He wasn’t standing so high anymore. He looked so empty, lost, so out of place. He appeared to have stumbled into the school from a place where it is always cold and bleak, a foggy city where the dwellers rarely interact. The head rotates, the appearance adjusts, but the eyes stay still, transfixed, piercing empty space.

He glanced back at his shadow and he knew, as sure as the earth moved toward the sun, that it was taller than his soul. That was the worst type of loneliness, when he wasn’t even comfortable with himself. And he was God’s lonely man.

All the king’s men cannot put me back together again.



*~*~*~*~*



Spike, donned in completely black attire, arrived a few minutes early for class that day. It was the first time all year he had been early, barring the times he hadn’t shown up at all. It was also the first time he hadn’t made some dramatic entrance, and if things continued to work this way, it was sure to be a slew of firsts for Spike.

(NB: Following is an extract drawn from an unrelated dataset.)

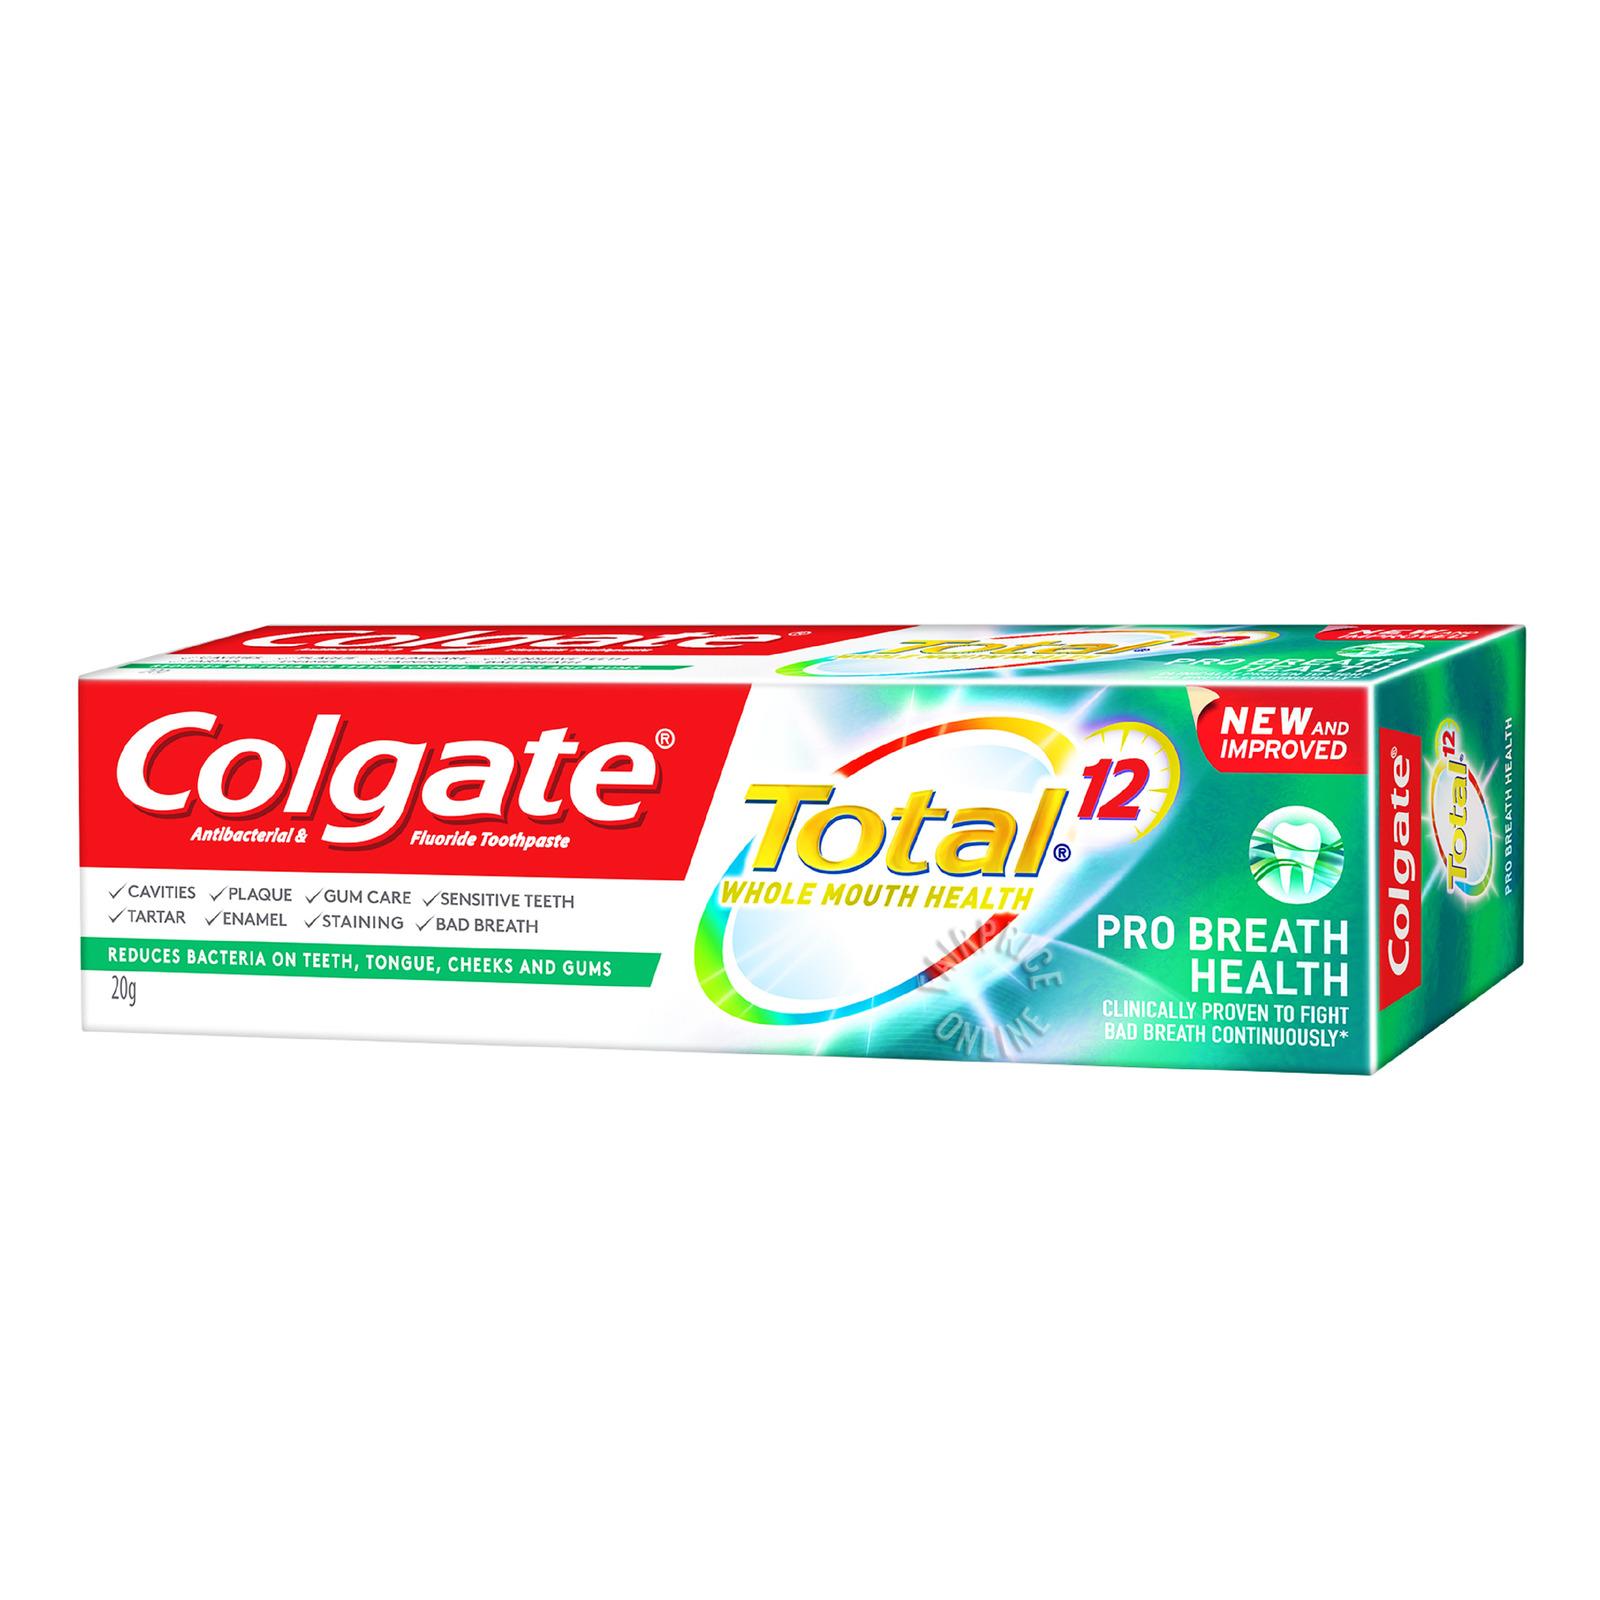 Colgate Total Toothpaste - Pro Breath Health
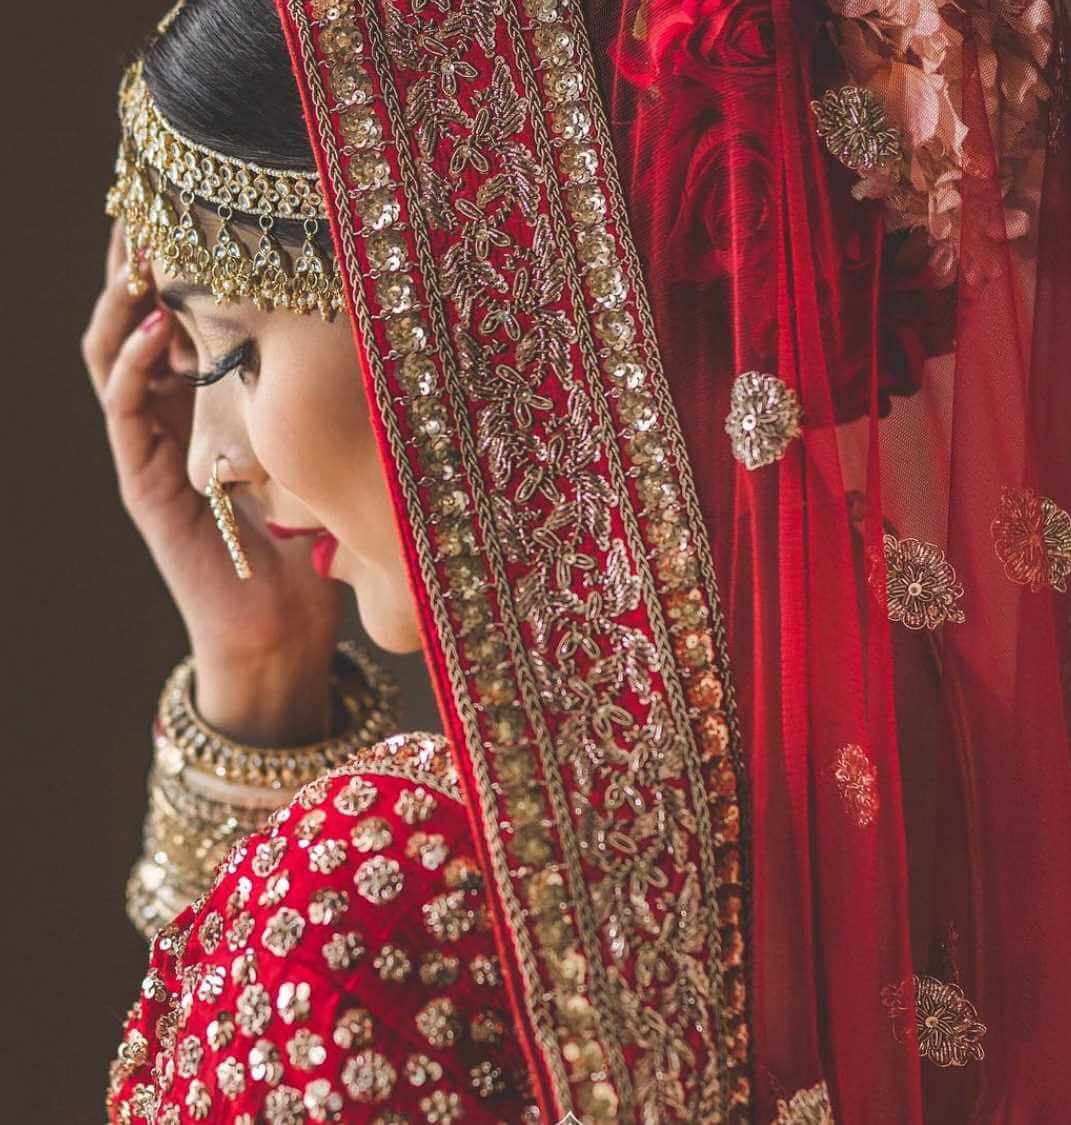 Mehazabien Chowdhury Wedding Picture 2021

To say that Mr. Davis was amazed to see Spike not only at class early, but also looking so vulnerable and out of it, would be the understatement of the century.

“I got your fax and did all the assignments,” Spike said dully, placing a packet of work on Mr. Davis’ desk.

Mr. Davis cycled through all the pages to see that it was all there. “Good,” he said, pausing melodramatically before prompting his next question. “How have you been, Spike?”

Spike sighed slightly, trying to act normal. “Oh, you know how it is. I bowl. I download porn. The occasional acid flashback.”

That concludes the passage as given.